*What you will do*: Without the images, output each record below as it stands.

*Listed entries*:
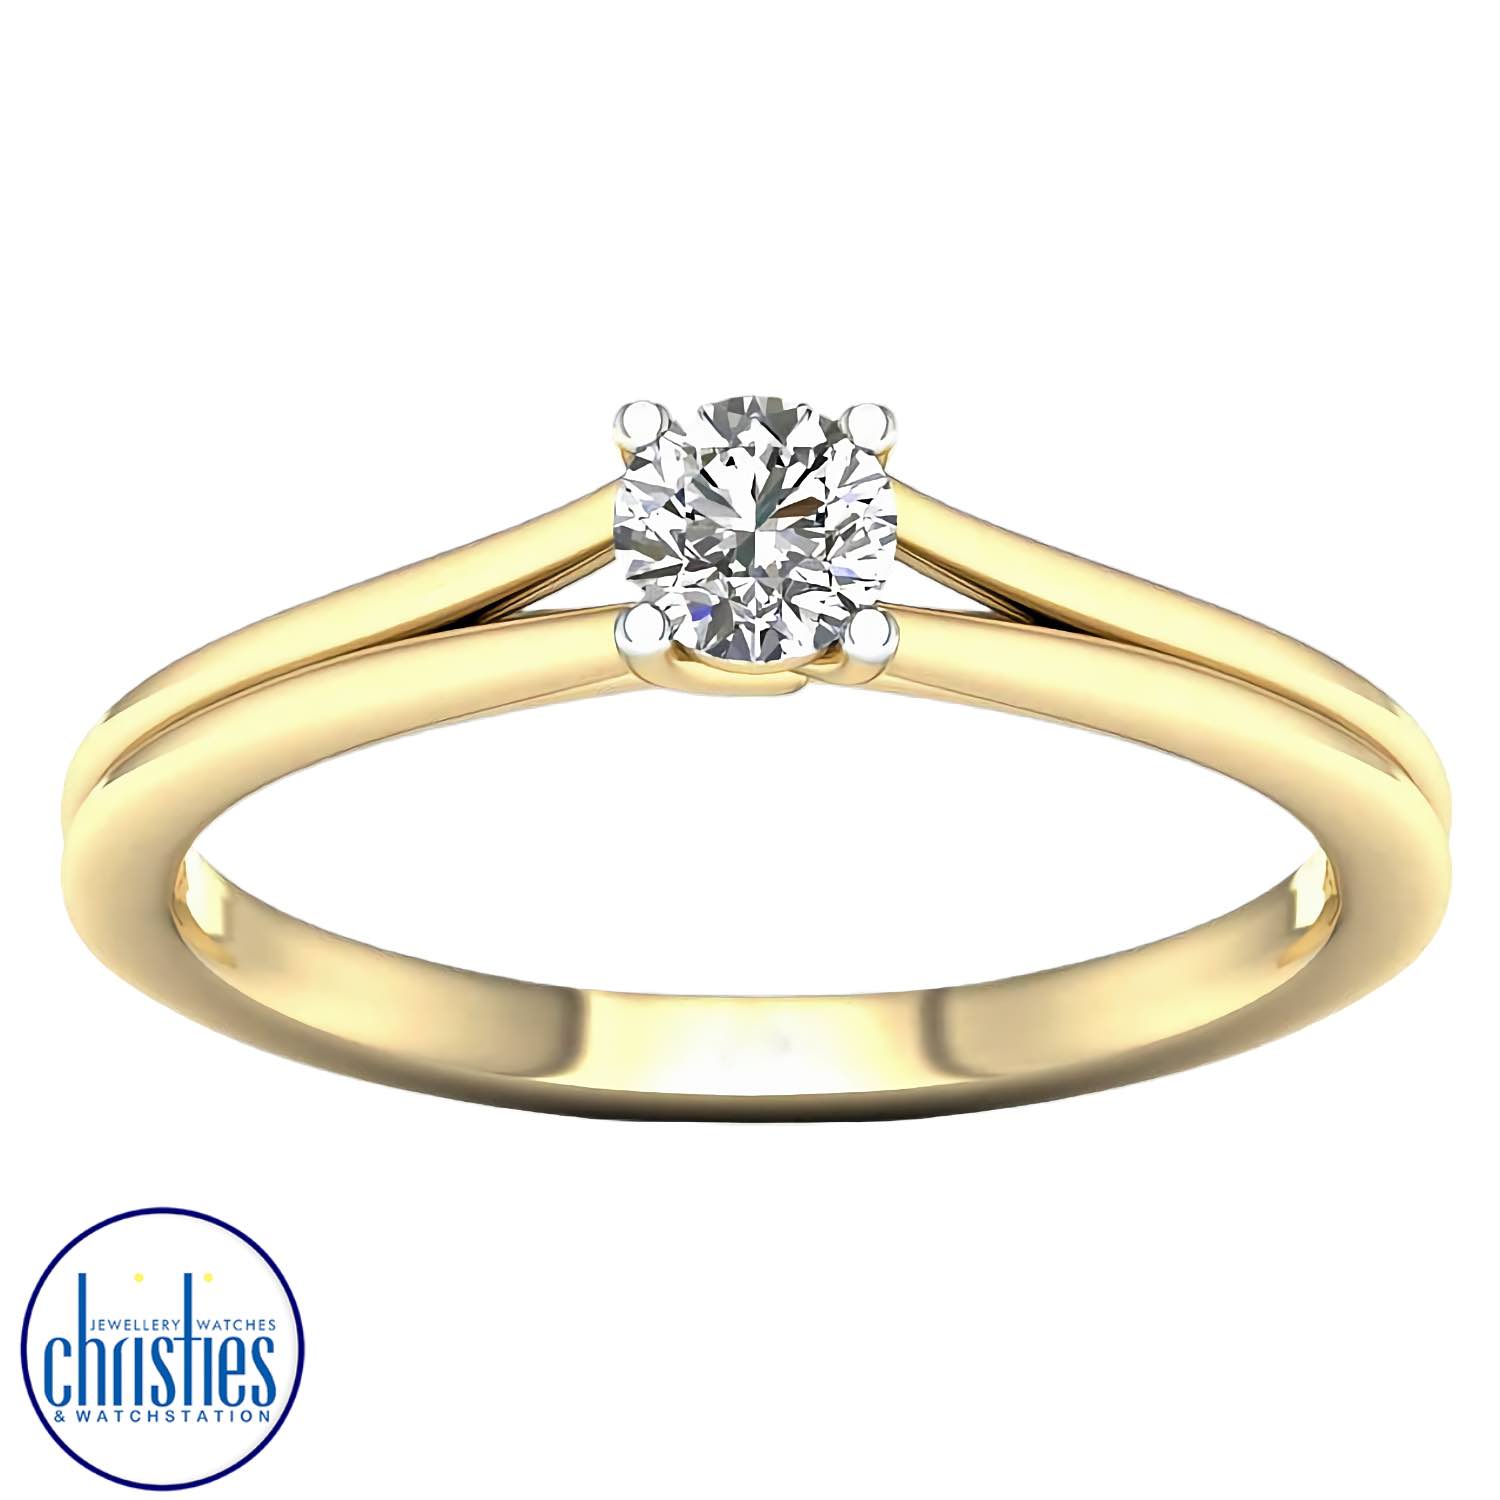 9ct Yellow Gold Diamond Solitaire 0.25ct Ring MSD0471EG. A 9ct yellow gold diamond ring with a total of 0.25ct of diamonds  Afterpay - Split your purchase into 4 instalments - Pay for your purchase over 4 instalments, due every two weeks. You’ll pay your 
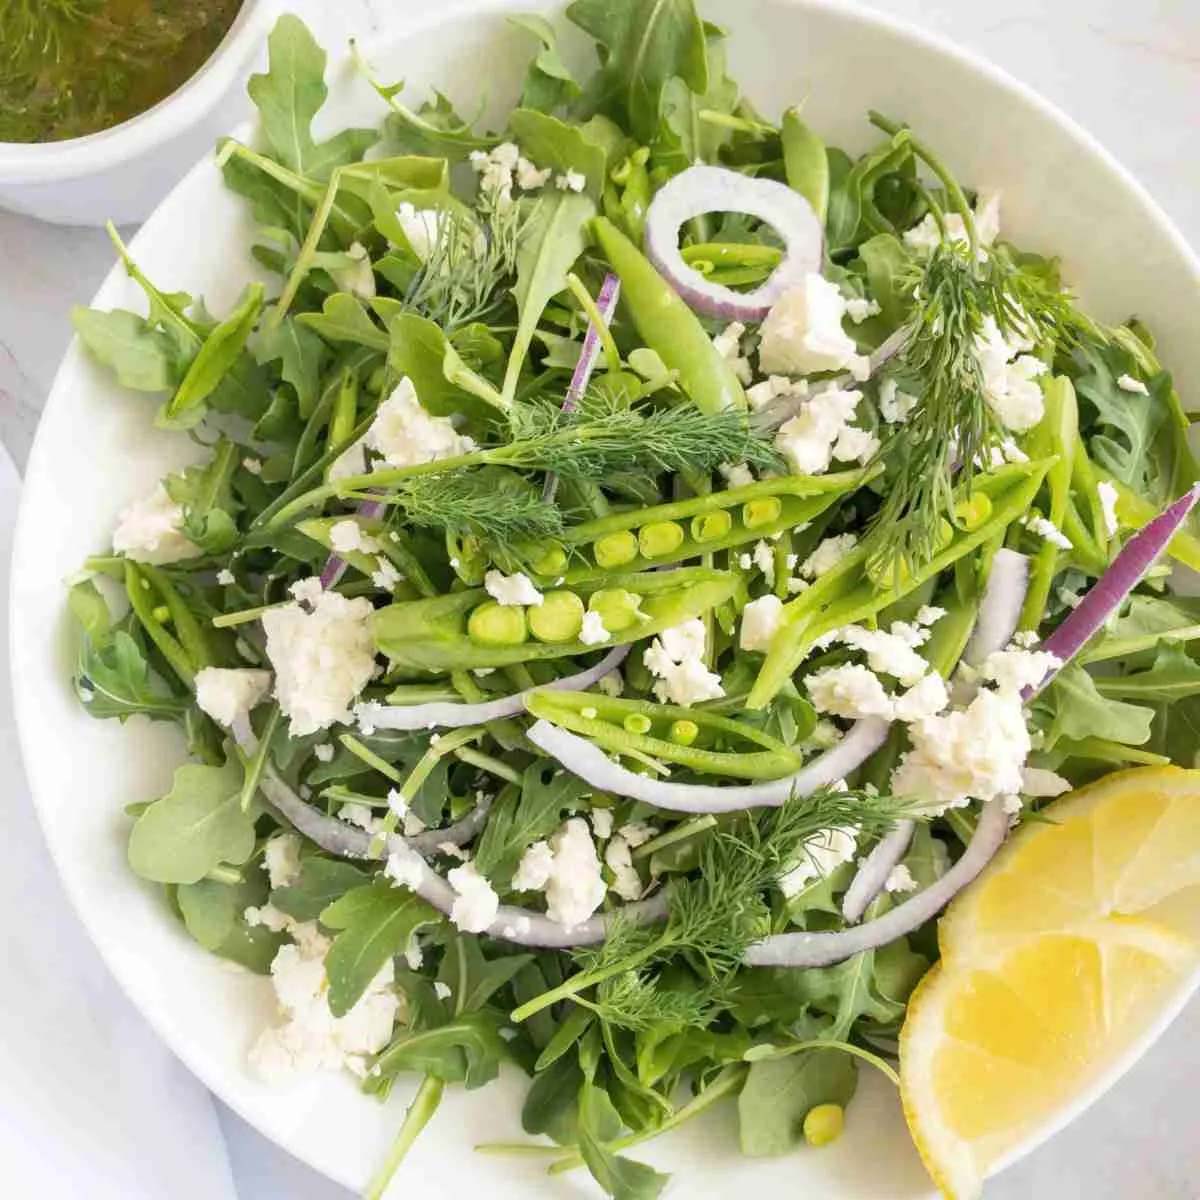 Snap pea and arugula salad in a white bowl with a lemon wedge.
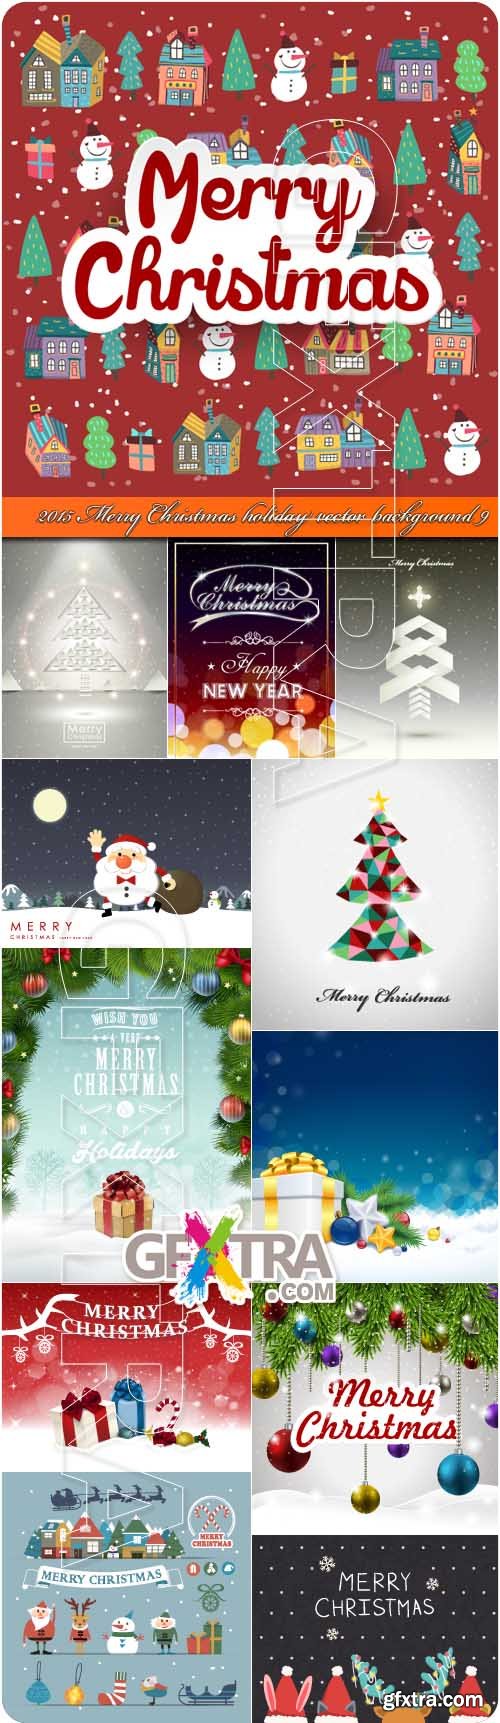 2015 Merry Christmas holiday vector background 9
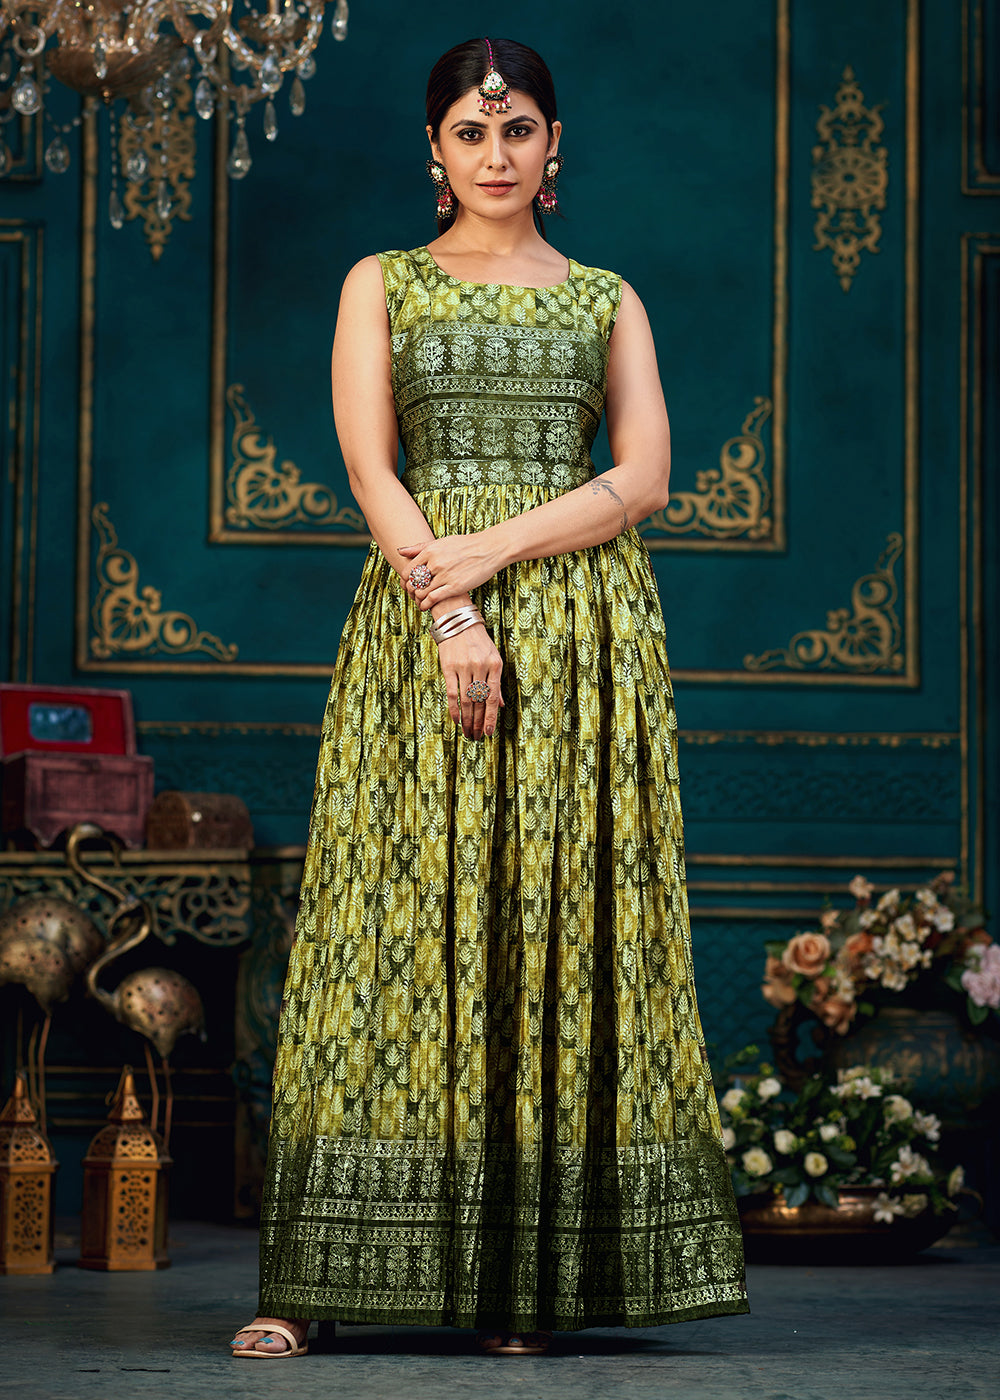 Buy Now Pleasing Green Digital Foil Printed Ready to Wear Gown Online in USA, UK, Australia, New Zealand, Canada & Worldwide at Empress Clothing. 
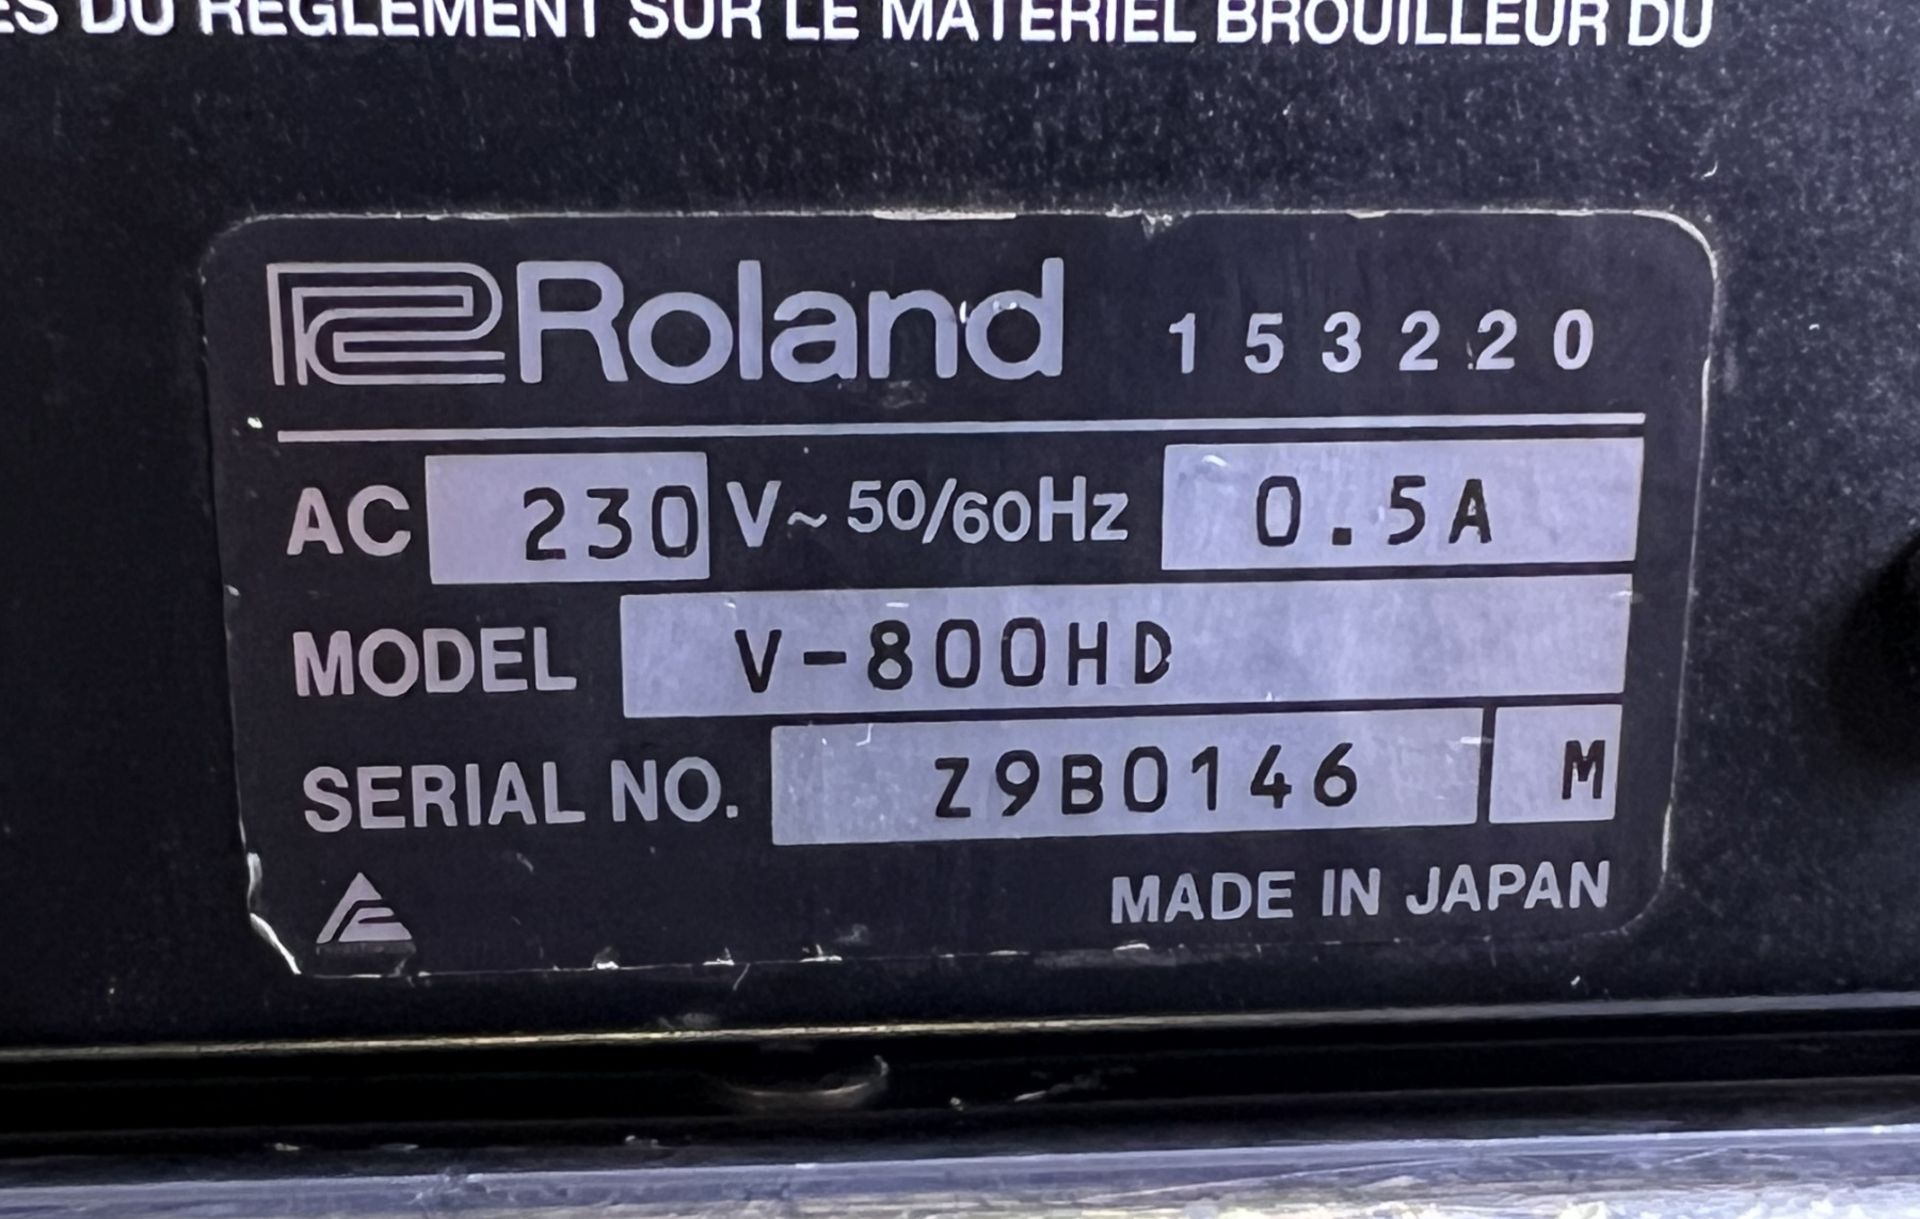 Roland V800HD vision mixer in flight case - case dimensions: L 690 x W 370 x H 230mm - FAULTY OUTPUT - Image 7 of 10
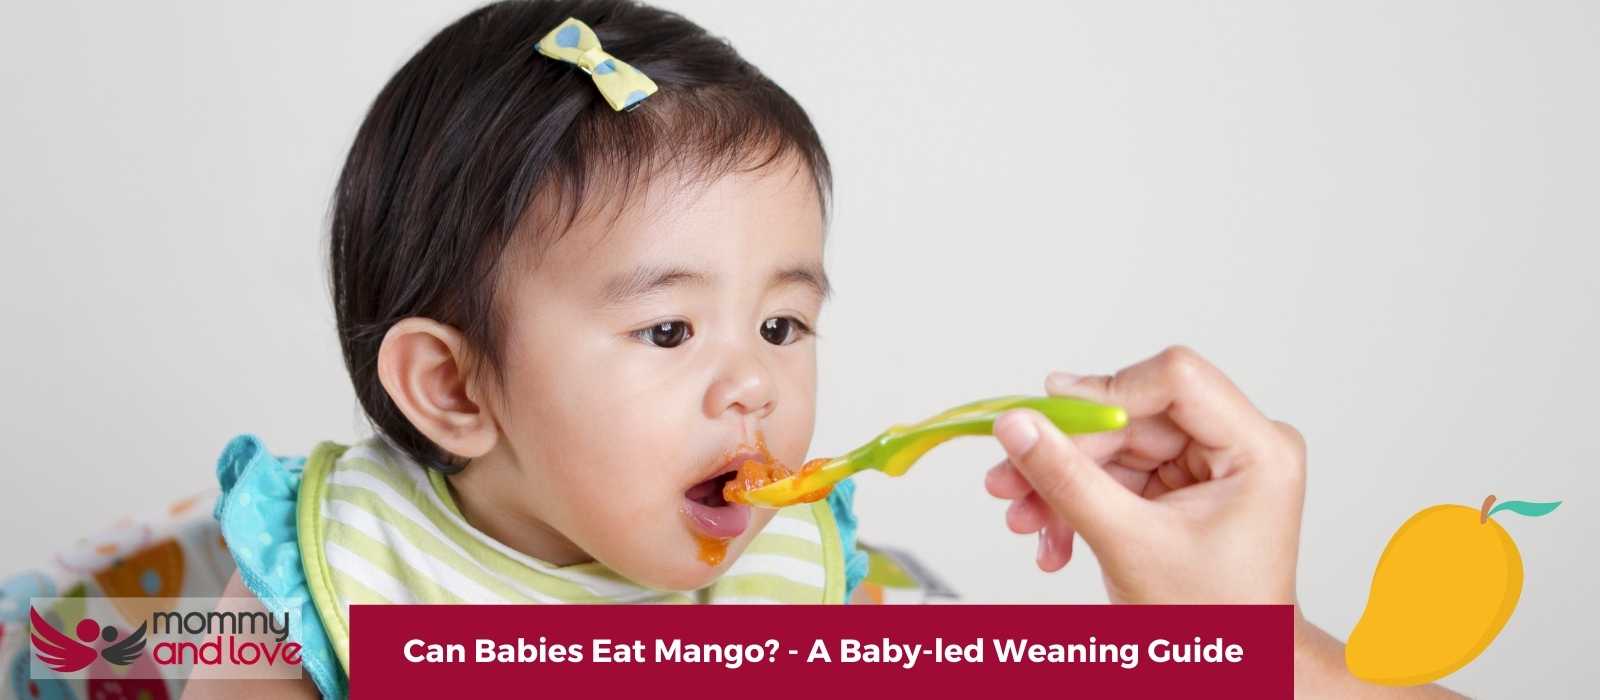 Can Babies Eat Mango - A Baby-led Weaning Guide

*The completed task*:
 9ct Yellow Gold Diamond Solitaire 0.25ct Ring MSD0471EG. A 9ct yellow gold diamond ring with a total of 0.25ct of diamonds  Afterpay - Split your purchase into 4 instalments - Pay for your purchase over 4 instalments, due every two weeks. You’ll pay your 
 Snap pea and arugula salad in a white bowl with a lemon wedge.
 2015 Merry Christmas holiday vector background 9
 Buy Now Pleasing Green Digital Foil Printed Ready to Wear Gown Online in USA, UK, Australia, New Zealand, Canada & Worldwide at Empress Clothing. 
 Roland V800HD vision mixer in flight case - case dimensions: L 690 x W 370 x H 230mm - FAULTY OUTPUT - Image 7 of 10
 Can Babies Eat Mango - A Baby-led Weaning Guide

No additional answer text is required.